In the case of Charlie Sheen, have we made a joke of someone’s life? Has social networking and news media served to spin an otherwise morose story for our own amusement? We read the stories and headlines, we watch the webcasts and interviews, and we think we know this man. We have heard the reports and have learned a great deal about Charlie Sheen, but what does all of this say about us?
Today we are quick to dismiss Rome’s gladiator games as barbaric, and for good reason. Thousands upon thousands of people gathered to watch someone’s life come to an end. But like today’s sporting events there was cheering, eating and drinking, and certain gladiators had their own fan followings. Maybe, just maybe, the comparisons don’t end there.
Have we, like the Roman crowds, dismissed the dignity of human life for our own entertainment? Have media outlets and social networking sites become our Coliseum? You may find the comparison too melodramatic, too much of a stretch. Granted, the differences are plain to see, but if we were to take an honest look, perhaps the comparisons would disturb us.
We watch television from our couches, rather than cheering from the stadium seating of a coliseum.
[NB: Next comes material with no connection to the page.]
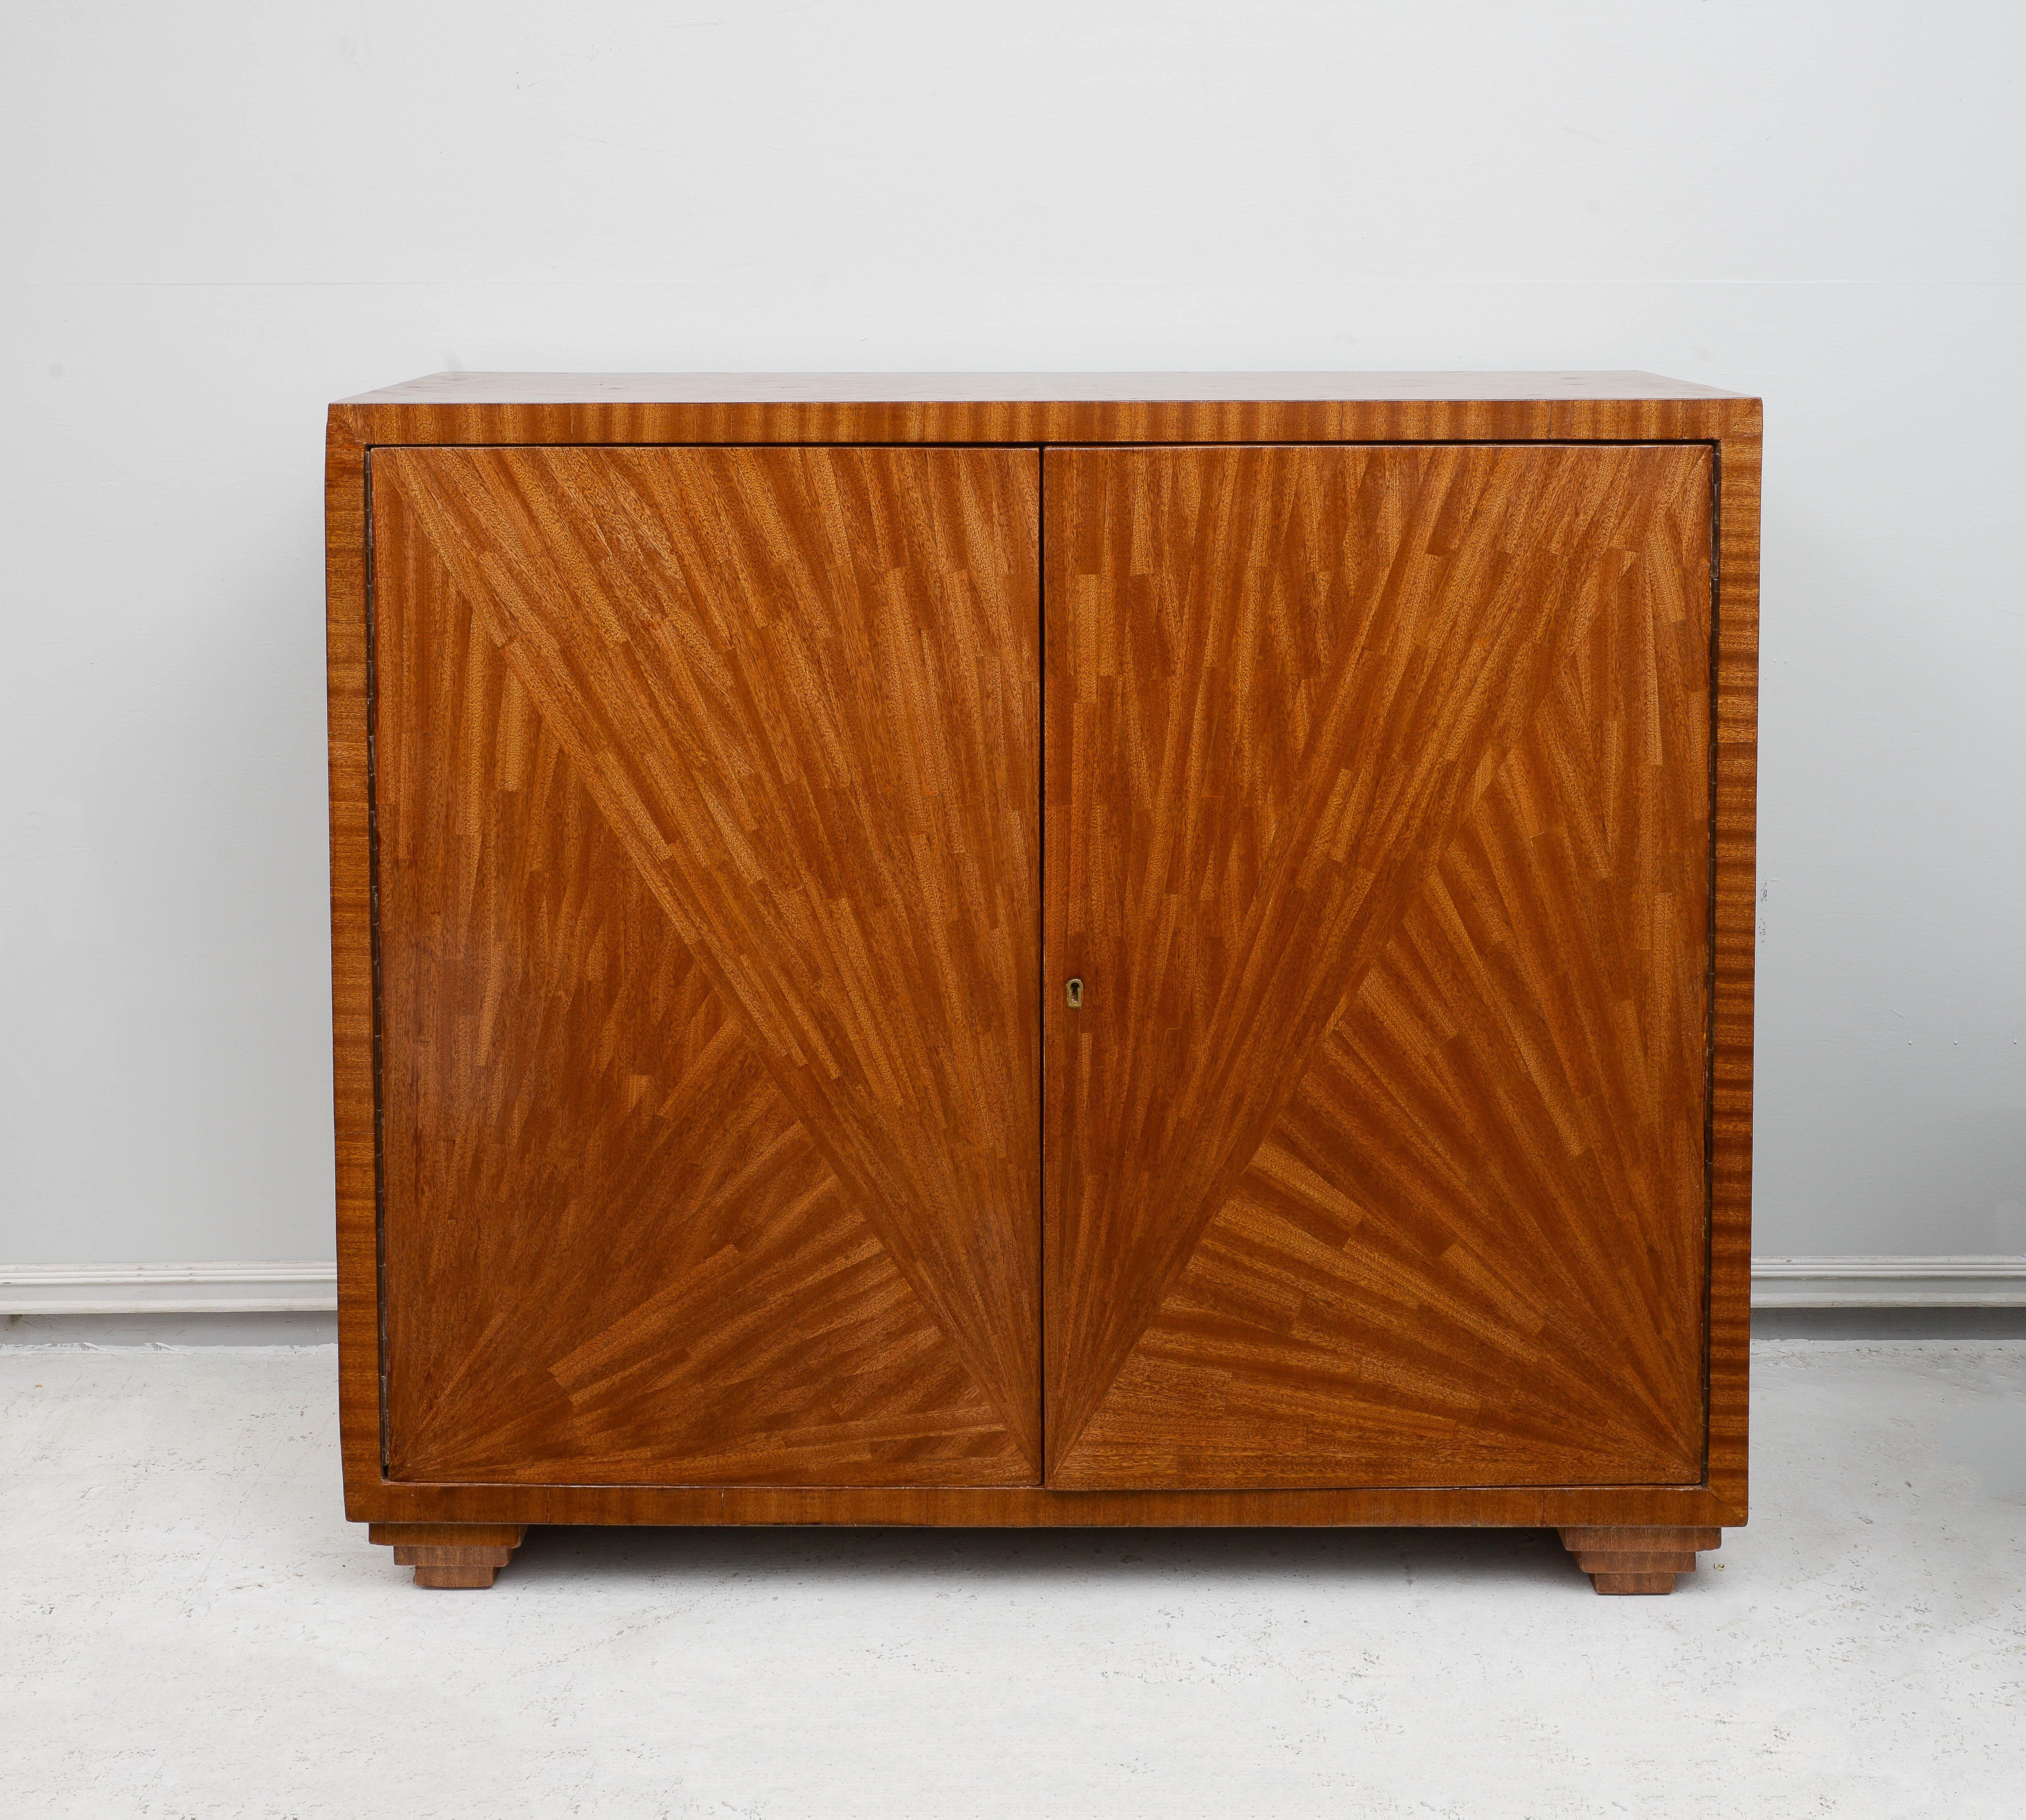 Wood Jean-Michel Frank Inspired Exquisitely Crafted Parquetry Cabinet For Sale

But what are we watching, and with what attitude are we watching it? We make light of the slow, oftentimes self-induced, wasting away of a public figure. Divorce, infidelity, drug abuse, alcoholism and arrests all become fodder for late-night talk show hosts. Millions sit back and laugh, the glory of the television set glowing on their faces, shoveling popcorn and potato chips into their mouths. In this context, can we really justify our apathy by branding it “civilized” or “lighthearted”? What about cases in which apathy becomes a diffusion of responsibility?
In 1964, in Queens, N.Y., a woman was brutally attacked and killed.
Over the span of 35 minutes, Catherine Genovese was attacked three times. Each time she was stabbed, and each time she cried out for help. Her attacker stabbed her once and then left. Genovese tried to make her way to her apartment, but the man returned and stabbed her again. This time the man got into his car and drove off. Genovese managed to crawl to her apartment building before her attacker returned to find her at the foot of the staircase. He stabbed her once more, this time killing her.
There were 38 witnesses to this murder. Thirty-eight people who heard her scream and cry for help, yet only one person called the police, and this only after Genovese had died from her wounds.
Why? I’m sure their reasons varied, but isn’t it possible that everyone assumed someone else would call the police? Certainly someone else would intervene, someone more capable. If you’ve ever passed someone on the highway with a flat tire, or heard the number of children dying daily from hunger and preventable diseases, then you can probably relate to this sentiment: I’m sure someone else, someone better equipped and more qualified, someone not as busy as me will step in and do the right thing.
I don’t know what you or I can do for Charlie Sheen. Perhaps, at the very least, go to God in prayer. But the plight of Charlie Sheen isn’t the only issue on the table. It’s merely a channel into the vast ocean of our apathy. It serves as an introduction into a dialogue about the diffusion of responsibility. We wash our hands and say things like, “It’s not my fault … they did this to themselves … someone else will help.” Jesus makes His distaste for this attitude very clear in the parable of the sheep and goats (Matthew 25:31-46).
Pilate wasn’t innocent because he washed his hands, just as Saul wasn’t innocent because he merely held people’s coats as they stoned Stephen. Are we condemning ourselves by our laughter? No. But let’s get one thing straight: there is nothing noble about standing on the sidelines watching tragedies unfold.